Actually, Agnes, I've worked with a young person following a devastating insult to the brain which left him "locked in" and physically disabled. He had initial input but very little follow up once he was medically stable. If it weren't for a particular professional fighting very hard to get him additional therapeutic support in a language unit (despite not "fitting the criteria"
) he would have been discharged 6 months post-injury.
In general, attitudes to disability are shocking in our society. Why else would so many schools make TAs (often with minimal qualifications and training) responsible for the education of the most vulnerable? It's not just about the system. Disabled people of all ages and abilities come pretty far down the list of just about everybody but those who a) have a disability or b) care for people with disabilities. And yes, work with people who have disabilities too.
Sometimes, trying to find solutions to the problems faced by my clients just leaves my brain in a total fuzz. I wish there really were a straightforward, clear-cut, one size fits all answer but as yet, I don't think there is. Professionals are the least of the problem, in some ways. The curriculum is not very functional for many, not just children and young people with SEN. Employers are inflexible and intolerant of disability. So are most customer-facing staff.
Teachers are part of society too. Some of them are just as intolerant and stupid when it comes to disability. And many of those who really want to help just don't know how to bridge the gap between Johnny (who they were trained to teach, who is achieving at age expected levels) and Sam, who when asked to write an essay on how the breakup of the Ottoman empire led to the Kurdish question in Turkish Politics writes: "they have sheeps".

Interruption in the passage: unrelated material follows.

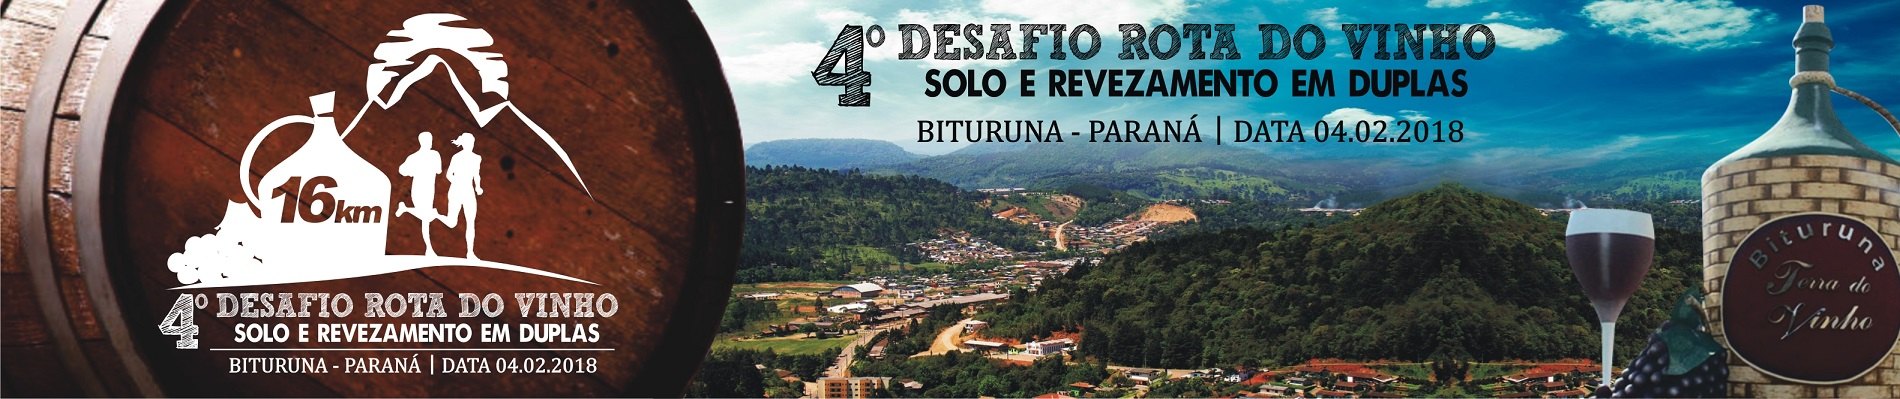 4º DESAFIO ROTA DO VINHO - 2018 - Imagem de topo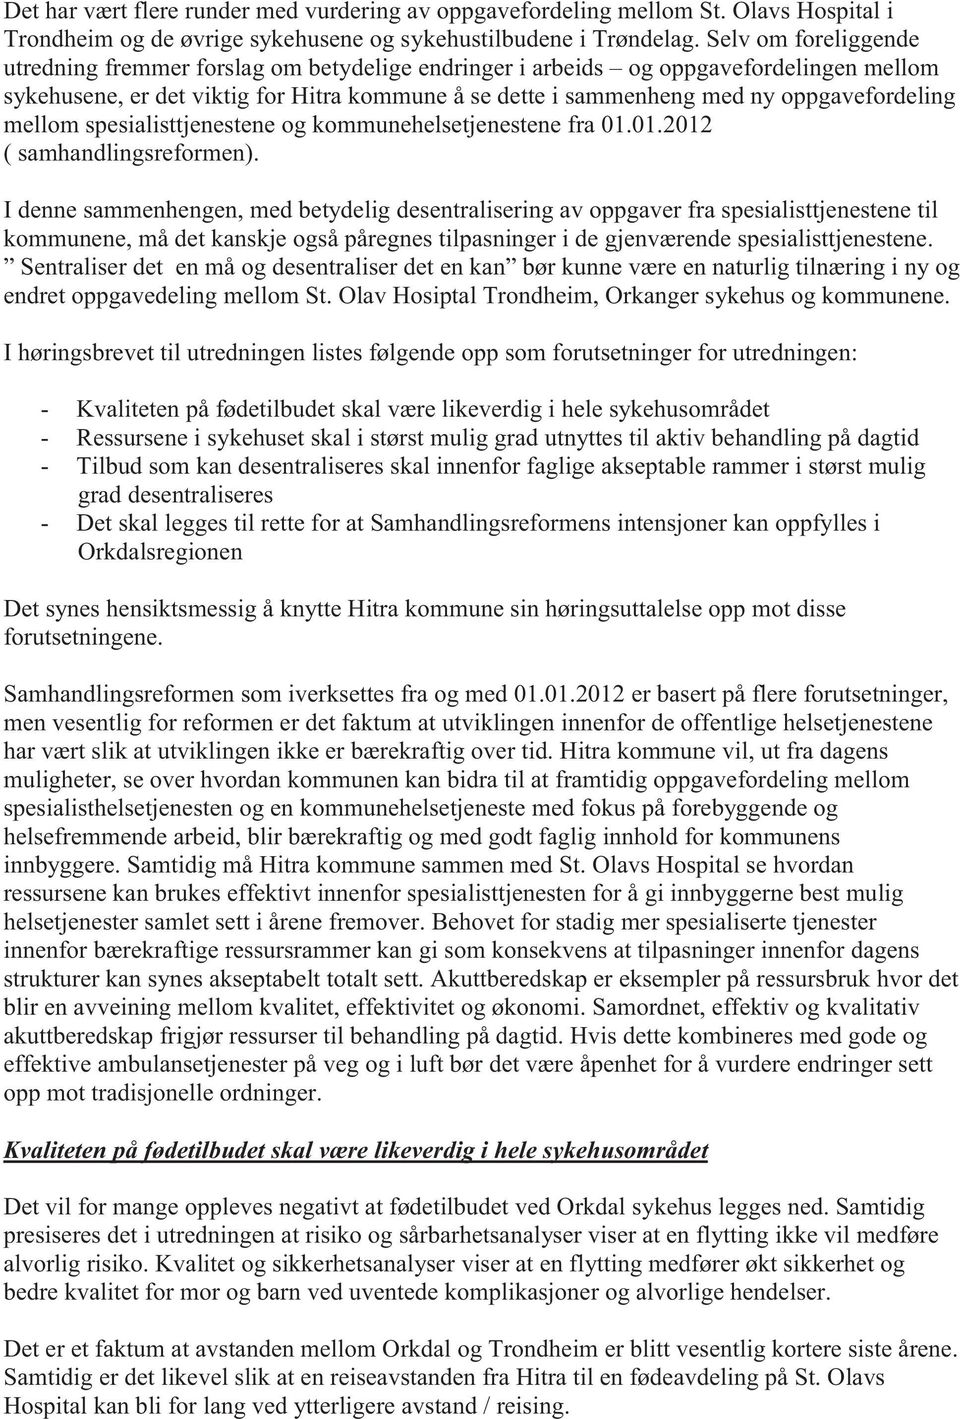 oppgavefordeling mellom spesialisttjenestene og kommunehelsetjenestene fra 01.01.2012 ( samhandlingsreformen).

You know what, I don't know either.
Sometimes it's just hard to work out what to do next. Sam (not his real name, of course!) is now working on extending his sentences and stringing them together in a narrative and talking about his learning instead of being left to write random, unrelated facts that lock him in at the lowest possible level of learning. But is it ideal? Not a hope. Sam and all the other Sams out there deserve more than to be coralled into a classroom and babysat while others develop their knowledge. He deserves an appropriate, individualised curriculum. But sitting in his class, seeing a teacher whose teaching is highly appropriate for 18 out of 24 kids, and seeing that Sam is surrounded by five others on his table with significant but differing learning needs.. it's not always easy to see the solution.
Data? Hmmm. Not sure. I could take time to plan to take fantastic data on his ability to extend his sentences and train the staff to track his progress etc etc but right now, I'd really be happy with his 13 teachers grasping in a sustained way that they need to develop him vs just pitch work at where he is now. I'd be happy with the 5 support staff working with him using some basic, solid strategies to extend his sentences with support in a lesson. I'd like to see him actually have a cat's chance in hell of participating in some sort of meaningful way.
I used to write "programmes". They are a joke. A total and utter joke. To make even the slightest bit of difference to classroom practice in any sort of sustainable way you need to be in there, getting your hands mucky, week in and week out. You need relationships. You need to know the child and the curriculum and how to make one suit the other (preferably working in both directions at once, but there is rarely time).
People say to me as I graft away to get these kids to access the shoddy curriculum: "but what's the point in a student learning about pathogens?. Well, what's the point of any curriculum? It's as much about transmitting a particular set of data/knowledge that are prioritised by a society at any one point in time as anything else. That vocabulary is the key to qualifications which are the key to jobs which are the key to participating in society. The current mainstream curriculum excludes and marginalises people with disability and people who are poor. Kids who don't get it first time are given "differentiated" curricula which keep them at the level they came in on because the curriculum itself is just so hard to adapt that many teachers can't manage. The teachers in one of my schools have tried all sorts to support their students to talk, to explain, to justify.. but they feel ill-equipped.
So, my name is working9while5 and I go to meetings. I observe students in class. I write reports for the LEA. I justify what I do in terms of "speaking and listening levels" and "progression". I waste a lot of time jumping through bureacratic hoops because I have to. I have forgotten to write reports. I sometimes say I will do things and don't. I make too many phonecalls and often not at the right times. And I am often stumped when it comes to solving the problems that I see my students face. Yet I trudge on. I do what I do because I believe these kids deserve a voice. I believe it passionately. I don't know, 100%, how to give it to them yet. One day?